Bitcoin-dollar price analysis

Following the new market falls, we will analyze the price of Bitcoin against the dollar and Ethereum (ETH).

This week’s tentative hikes paint a still weak technical picture, dragging doubts that we are at the beginning of a new bearish phase.

The price rally in recent days has been accompanied by low volumes indicating buying to cover downside positions rather than open new upside positions.

The general picture is completed with the fall in volatility after touching, in recent days, values ​​not seen since mid-June last, when the general fall that began in April was completed and with more violent and profound dynamics.

the Fear and Greed Index it has once again hovered just above 20 points, levels that characterized the summer months. Excluding the last week of October and the first week of November, the movement in the range between 20 and 30 points extends over 90 days, the longest period in history.

The TonCoin (TON) token, embedded in the popular messaging app Telegram, continues to stand out from the rest of the industry by posting a double-digit increase (+10 percent) from Friday, November 11 levels. With a value of $1.8 per token, the total capitalization exceeds 2.1 million dollars occupying position 25 in the ranking of the most capitalized tokens.

Among the few others with good weekly earnings is the uniswap (UNI) native token of the decentralized trading platform of the same name, up to 4 percent weekly.
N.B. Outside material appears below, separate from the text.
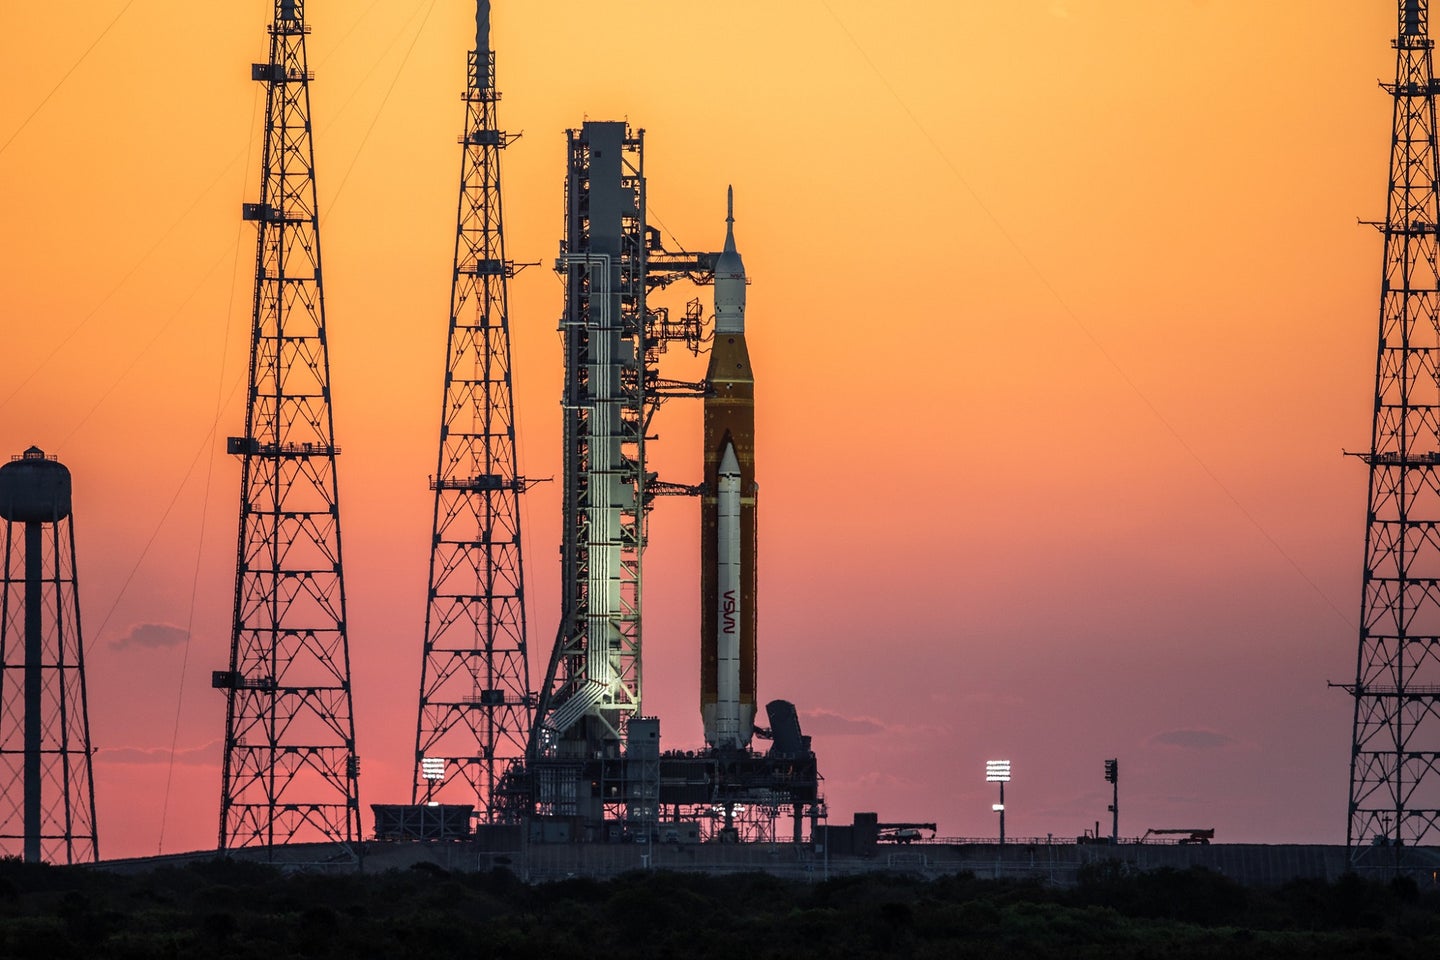 NASA SLS rocket against sunset at Kennedy Space Center launch pad before Artemis I mission
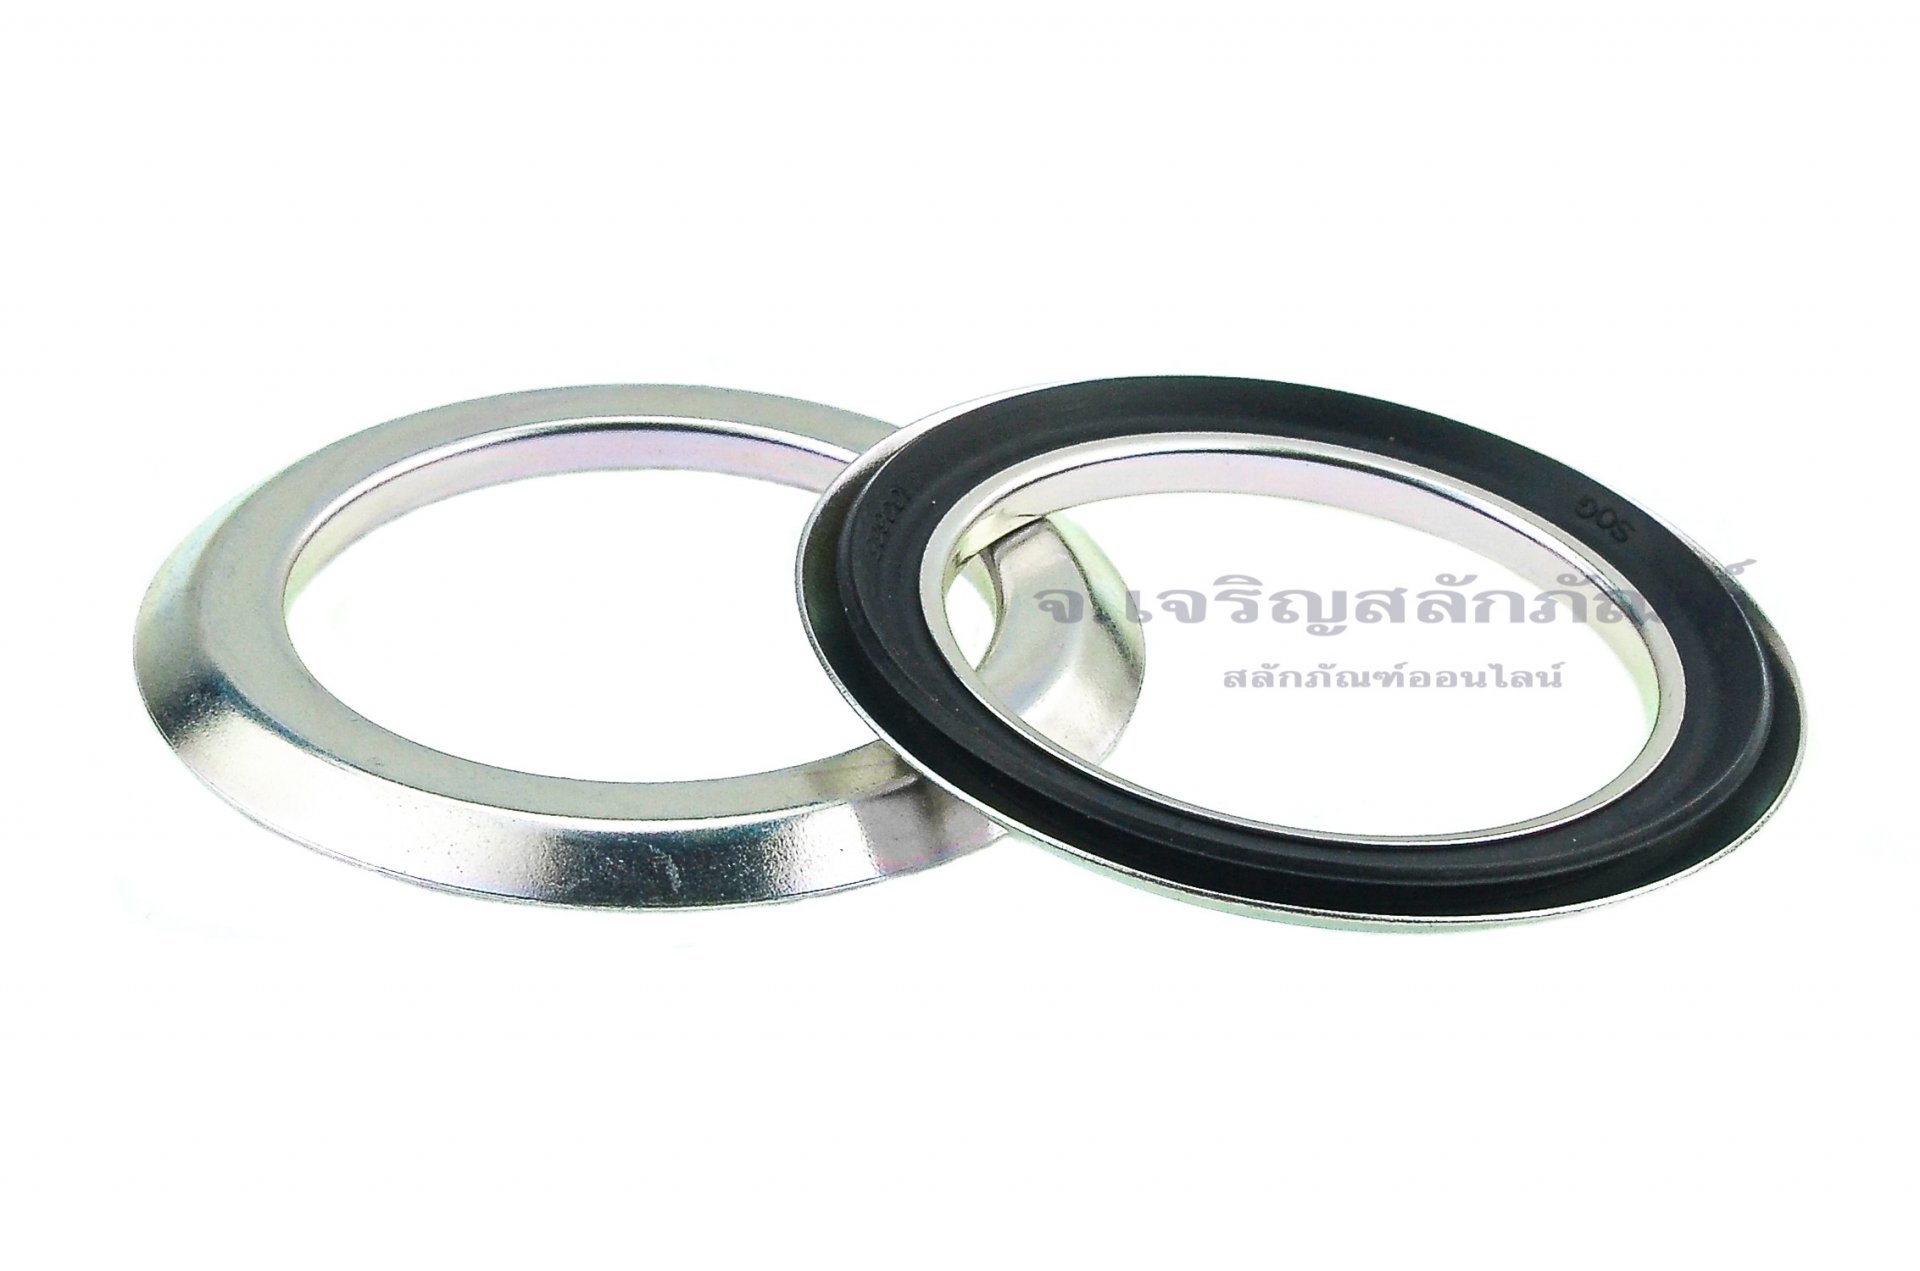 Demaisi 9rb Gamma Dust Seal Ring 65*87*5.5/7.5 Or 65x87x5.5/7.5 Mm  Stainless Steel For Motor - Oil Seals & Other Seals - AliExpress

UNI price recovers $6 per token rising to position 15 for a total capitalization of $4.5 billion.

The price of Bitcoin (BTC) in the dollar

the appointment of Bitcoin (BTC) against the dollar handles to recover USD 16,500, closing every day above this important short-term technical level.

From a medium to long-term perspective, it is necessary to recover $18,500 in a short time so as not to risk leaving room for bearish speculation.

Necessary to get through the weekend without witnessing falls below USD 16,000 and not jeopardize the fragile technical structure that, with the break of USD 18,500 last week, undid the consolidation that lasted more than 4 months.

Ethereum (ETH) Analysis

A reflective week for Ethereal (ETH), which, except for Wednesday, closed with a gain or loss of one percentage point on its way to closing the weekly balance at opening levels.

Unlike BTC, last week’s decline did not breach the June lows, managing not to burn all the profits accumulated since mid-June.

Over the next two days of the weekend, it will be important not to touch last week’s lows again lest you risk sinking below the $1k psychological threshold.

A positive sign will come with the recovery of $1,300. In that case, it will be useful to look at the contents. As buying volumes increase, there will be a second confirmation of a return to the uptrend.

On the contrary, operationally it will be better to continue waiting without anticipating technical signals.

Although the bearish assault has been less violent than that suffered by BTC, ETH also continues to be affected by possible defaults by investment funds linked to the FTX exchange.